1958, Brüssel. Die Expo der Neuzeit beherbergt die IBM, die den 305 Ramac (Foto) präsentiert: einen Computer, der doppelt so groß wie ein Kühlschrank ist und in der Lage ist, historische Fragen in verschiedenen Sprachen zu beantworten. Es ist der erste Computer mit einer Festplatte.

1962, Seattle (USA). Zu diesem Anlass wird die Space Needle (Foto) hergestellt, der Turm, der einer fliegenden Untertasse ähnelt, in voller Harmonie mit dem futuristischen Stil der Expo. In der Pavillon-Welt von morgen können Besucher einen Science-Fiction-Eindruck davon bekommen, was sie in Zukunft erwartet, zwischen einem Vorfahren des Fax und dem Weltraumzeitalter. Eröffnung der Ausstellung ist Präsident John Fitzgerald Kennedy, der jedoch nicht an der Schließung teilnehmen kann, da er in die Kubakrise verwickelt ist.

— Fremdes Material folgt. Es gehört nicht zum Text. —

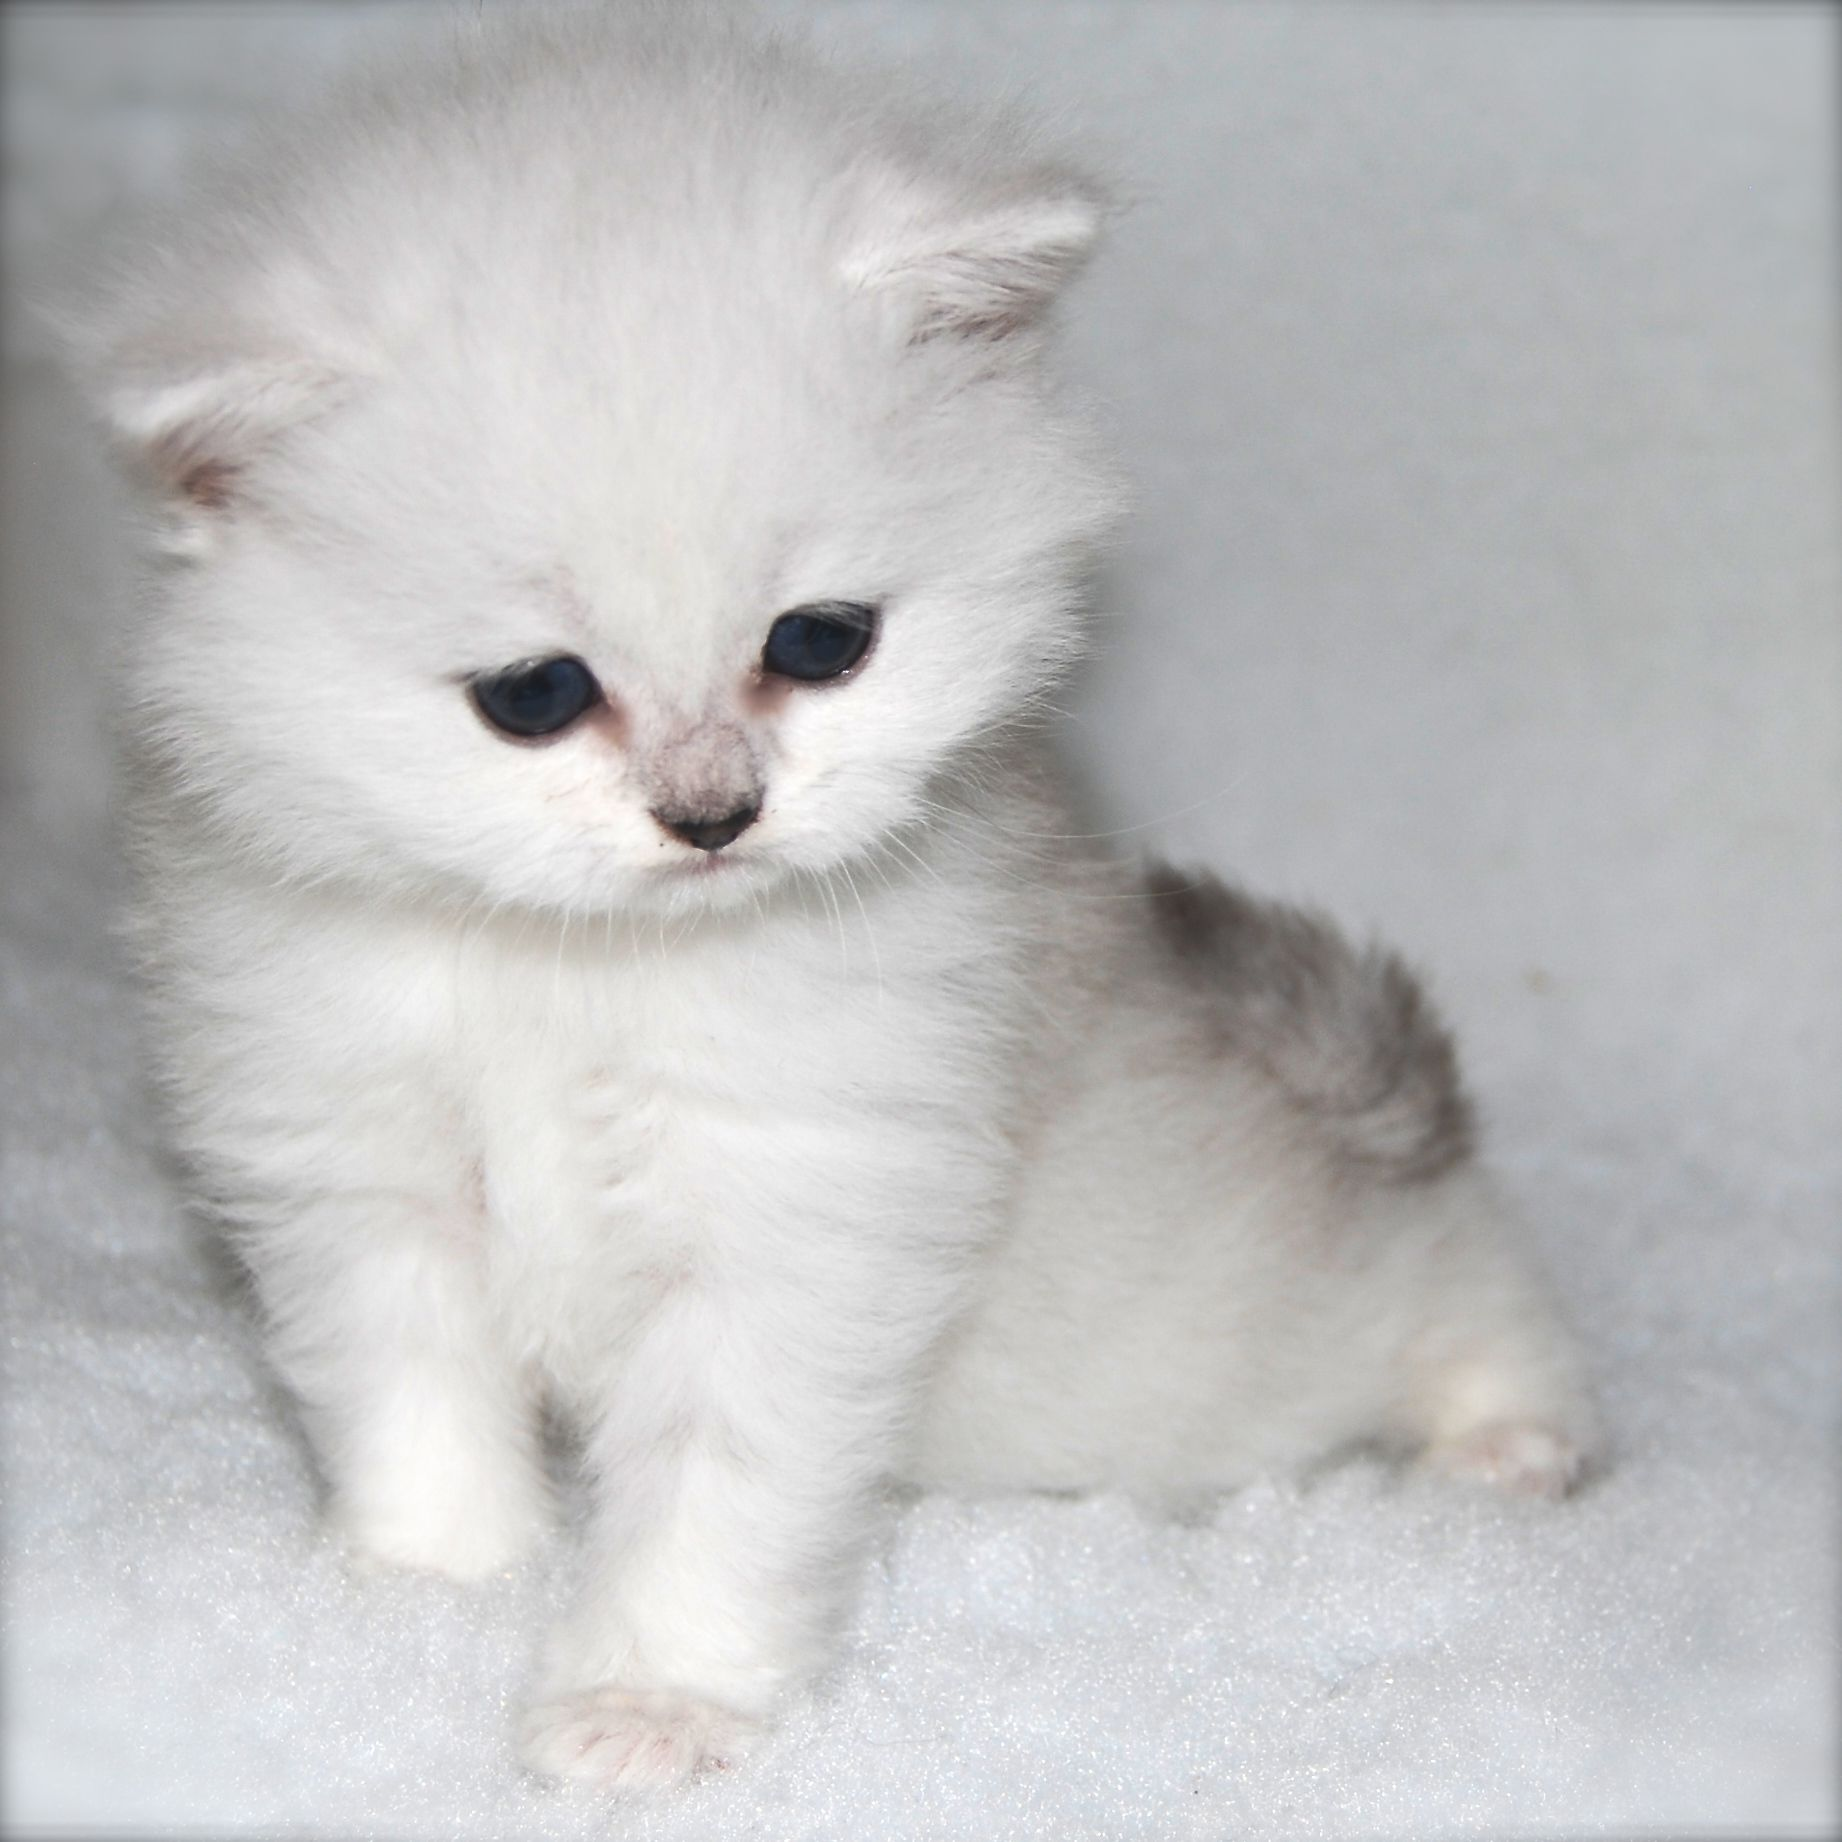 Belle Ayr Snow Lion British Longhair Silver Shaded Ns11 Blh British Shorthair Cats Kittens Snow Lion

1967, Montreal. Ein ganzer Pavillon ist dem Telefon gewidmet: Das Picturephone, ein von AT & T hergestelltes Schwarz-Weiß-Bildtelefon, wird in der Vorschau angezeigt. Drei Jahre später wird es scheitern.

1970, Osaka (Japan). Die aufgehende Sonne will über die Zukunft sprechen und zeigt dies mit einer Wundershow, in der der erste Imax-Bildschirm und ein Handy-Prototyp vorgestellt werden. Vom mysteriösen Osten zum Hightech-Osten ist das Tempo kurz.